4.6 Application Using the Estimated Rank Score

This section shows an example of the clinical applications of the proposed method. In UC severity diagnosis, endoscopic images are acquired in sequence while the endoscope is moved through the colon. In clinical, a doctor checks all the images and finds the most severe images, and diagnoses the severity of the UC. To facilitate this diagnosis process, it is useful to show the estimated severity score along with the capturing order. Figure 8 shows three examples of the changes in the rank score (severity), where the horizontal axis indicates the capturing order in a sequence, and the vertical axis indicates the estimated rank score. These sequences were taken from different patients and were not used in the training data. In these results, the estimated rank scores (red) were similar to the Mayo scores (blue) that were annotated by medical doctors.
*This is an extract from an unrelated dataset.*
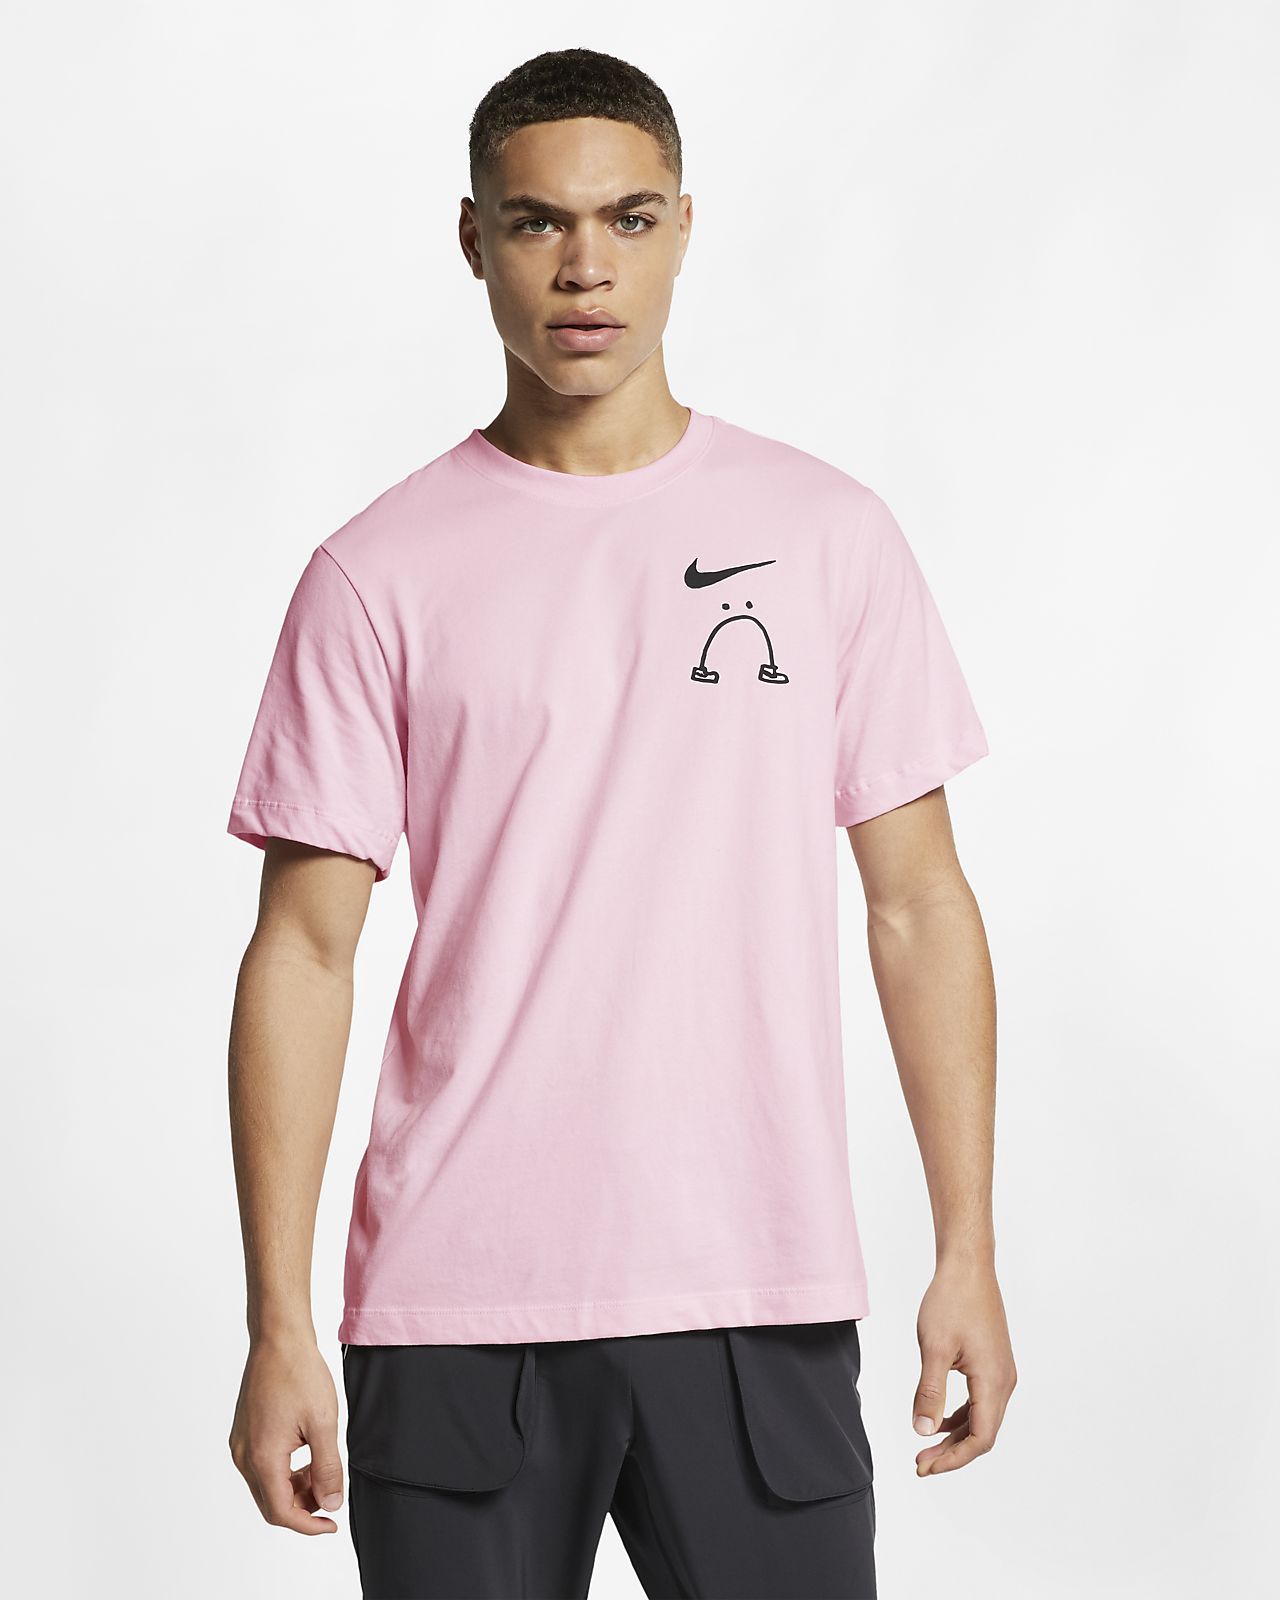 Tee-shirt de running Nike Dri-FIT Nathan Bell pour Homme

Case 1 was a sequence of a patient with a mild disease level. The severity was low in the entire region. Case 2 and 3 were sequences of patients with moderate and severe disease levels. In these examples, we can observe that the severe areas were biased in the order of the sequence; the severity was high at the beginning and the end of the sequence, but it was low in the middle of the sequence. Using this graph, medical doctors can easily check if the disease is severe or not and find the severe areas and check them. In addition, it is also easy to show both cases before and after treatment and diagnose the recovery of the disease.

5 Conclusion

In this paper, we proposed a deep Bayesian active-learning-to-rank for efficient relative annotation. The proposed method actively determines effective sample pairs for additional relative annotations by estimating the uncertainty using a Bayesian CNN. We first evaluated the accuracy and the efficiency of the proposed method with an experiment about the correctness of the relative severity between a pair of images. The results indicate the usefulness of uncertainty-based active learning for selecting samples for better ranking. We also revealed that the proposed method selects minor but important samples and thus shows the robustness to class imbalance.

The limitation of the proposed method is that it provides rank scores instead of Mayo scores that medical experts are familiar with. If an application needs Mayo score-like rank scores, an additional calibration process is necessary. The proposed method is very general and applicable to other severity-level estimation tasks—this means more experiments on different image datasets are important for future tasks.